Das „Studentenheim“ war jedoch nicht bloß Treffpunkt und Mensa, sondern auch ein Verwaltungsstandort für viele FürsorgeLeistungen. Unter „Einzelfürsorge“ fielen u. a. die Verteilung von vergünstigten Essensmarken an bedürftige Studierende und die Gewährung von Freitischen, die über Spenden finanziert wurden. Insbesondere lungenkranken Studierenden wurden Kur- und Sanatoriumsaufenthalte ermöglicht. Den jüngeren Studierenden wurde hingegen durch „Arbeitsvermittlung“ geholfen. Auf diese Weise erhielten sie die Möglichkeit, „durch eigene Arbeit neben [ihrem] Studium im Semester oder in den Ferien in Fabrik oder Kontor [ihren] Unterhalt zu verdienen“ [Darmstädter Hochschulführer 1922/23, S. 57].

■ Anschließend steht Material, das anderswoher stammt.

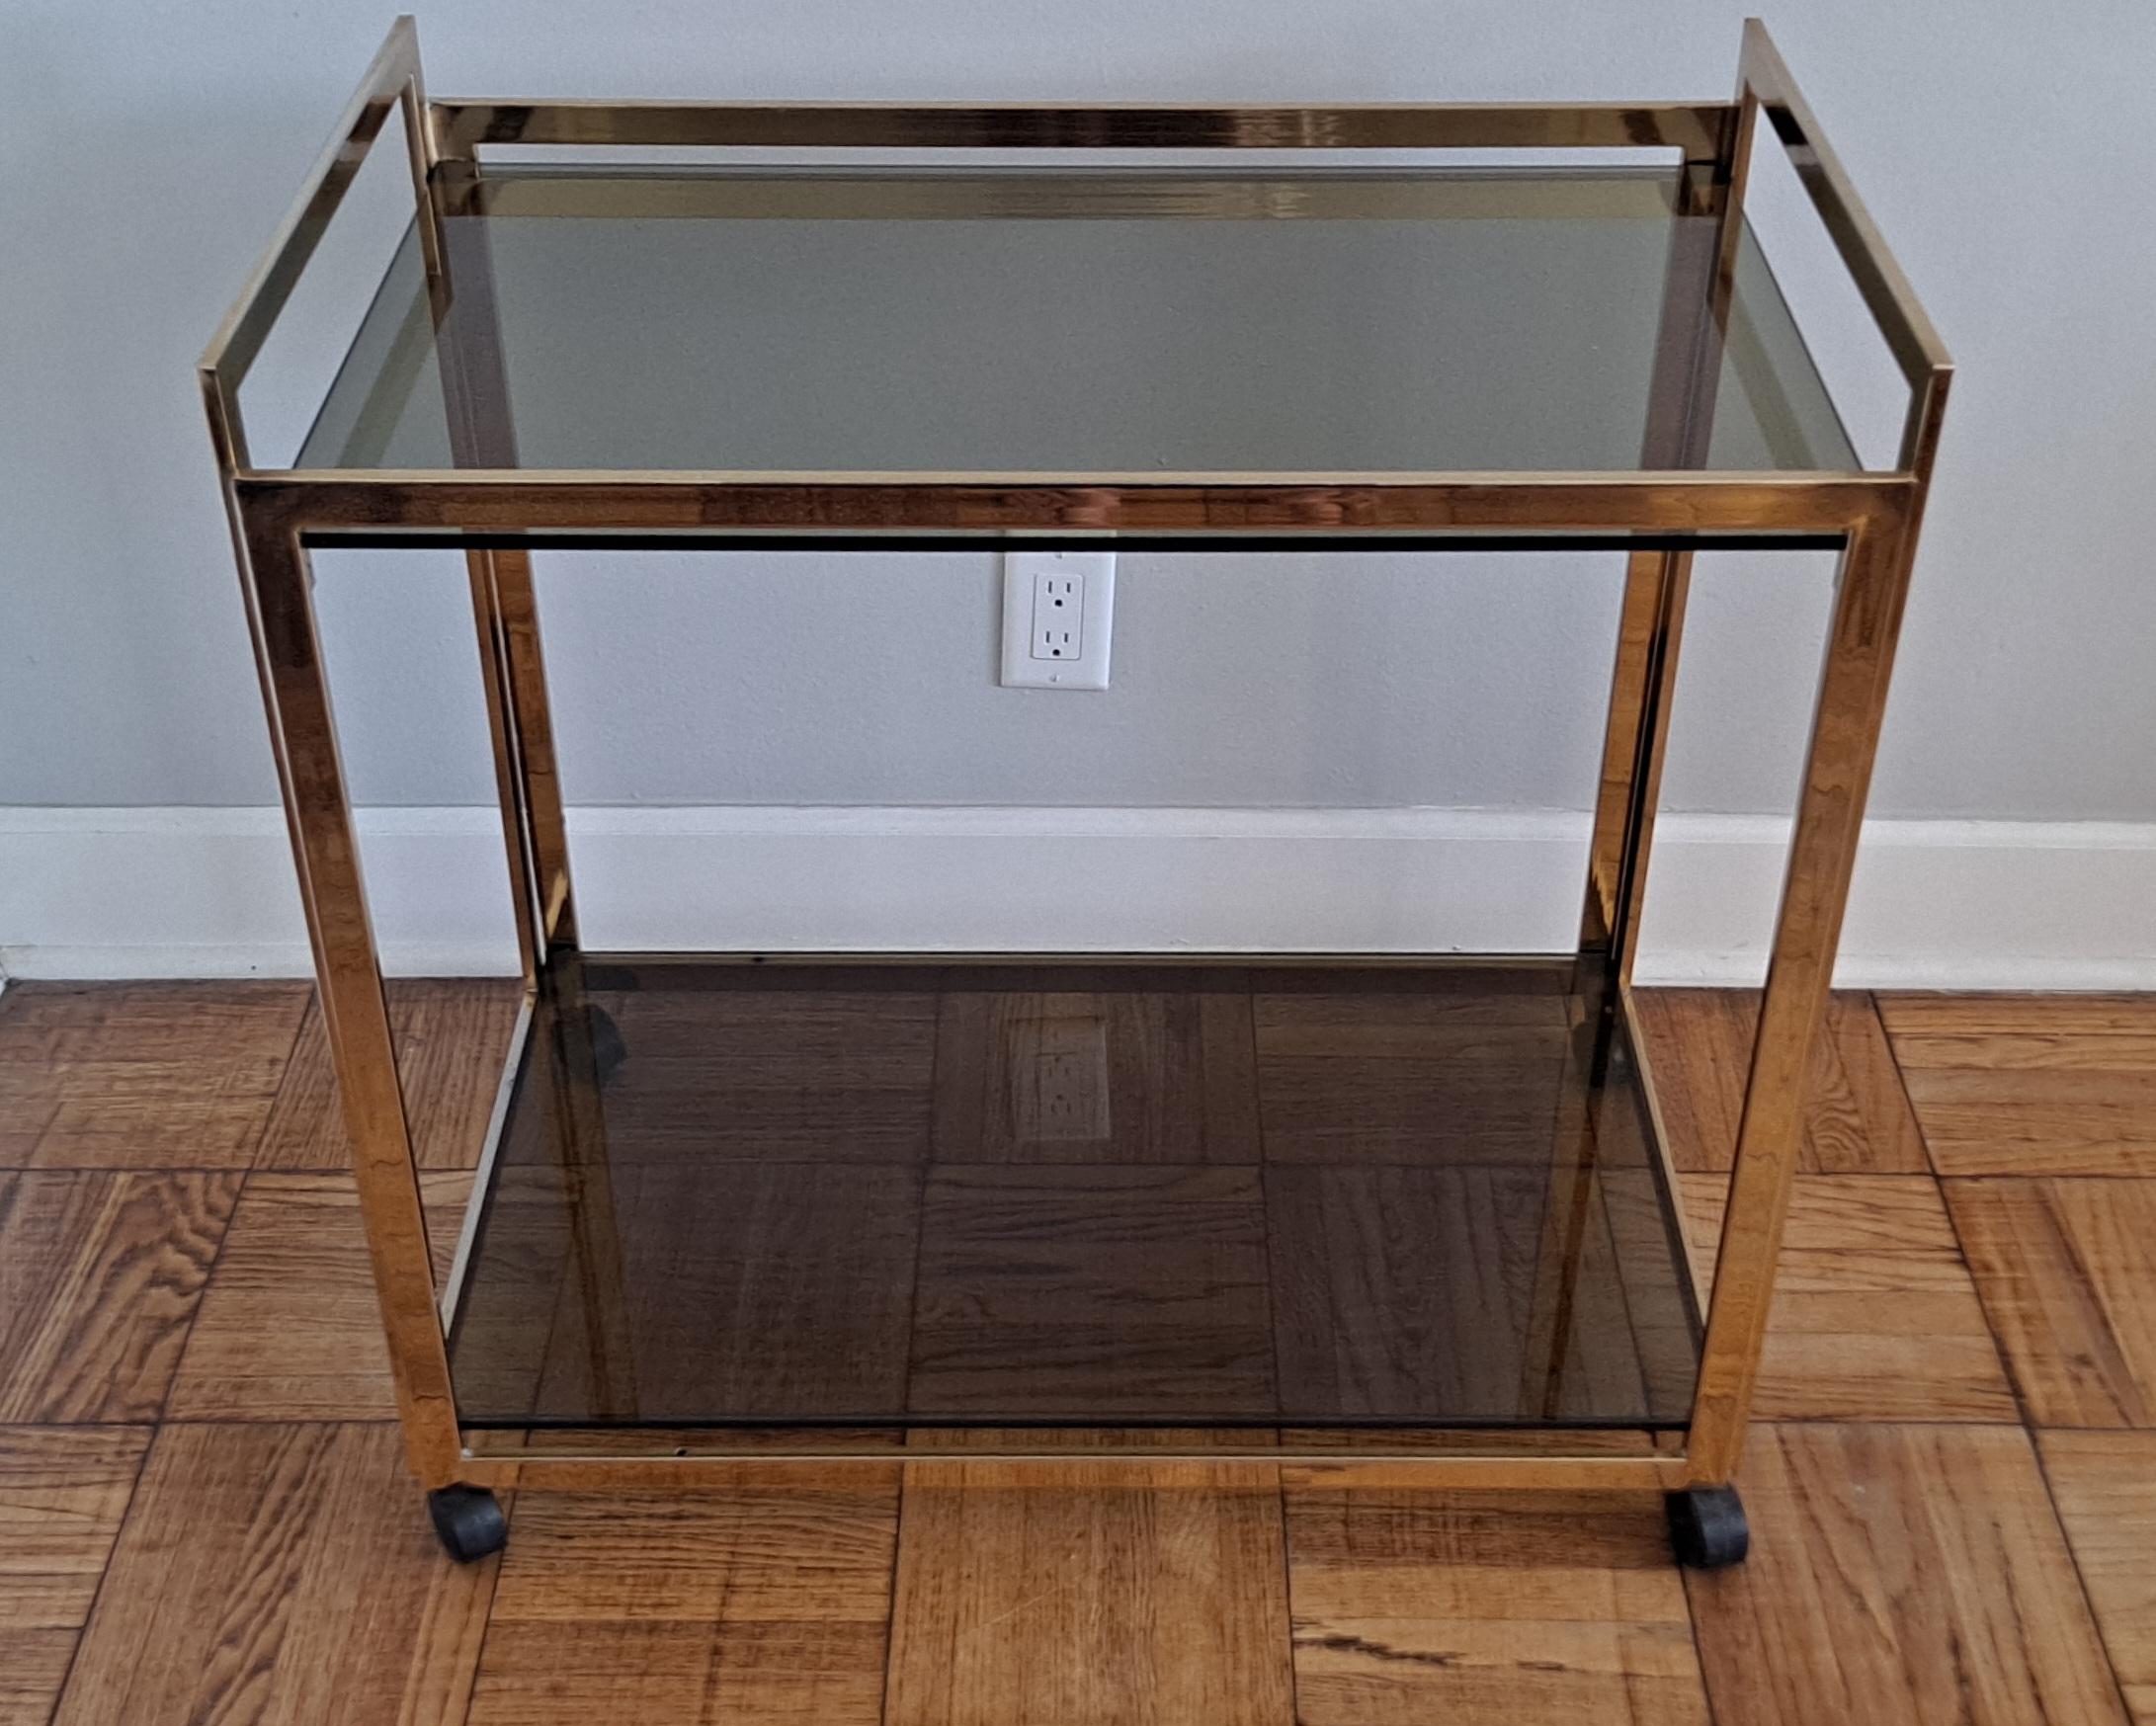 This stylish service cart has fume 1 cm tick fume glass top. It is on the wheals and it is easy to move .Base is brass and it is very good structurally but the brass is tarnish, bar cart it is  made with a lot of taste . 
USA continental  in home

Die Studierenden sammelten wertvolle Erfahrungen und setzten ihr Studienwissen praktisch um. In den Werkstattbetrieben der Wirtschaftshilfe, zum Beispiel der „Druckerei- und Schreibmaschinenlehrstube“, konnten zukünftige Akademiker praktische Tätigkeiten erlernen. Von der Gründung der „Darlehenskasse“ im Jahr 1923 profitierten damals vor allem Studierende, die kurz vor ihrem Studienabschluss standen.

„Materialamt und Verkaufsstelle für Lebensmittel und Bekleidung“

Das Angebot des „Materialamts“ umfasste 1925 u. a. Papier, Stifte und Rechenschieber, aber auch Zucker, Wurst, Schuhe, Socken sowie Holz, Kohlen und Zeitschriften. Im „Chemikeramt“ gab es Filterpapiere und Gummischläuche. Die Studierenden nutzten das Angebot ausgiebig und die Ausgabe von Gutscheinen ermöglichte weitere Vergünstigungen für besonders bedürftige Studierende.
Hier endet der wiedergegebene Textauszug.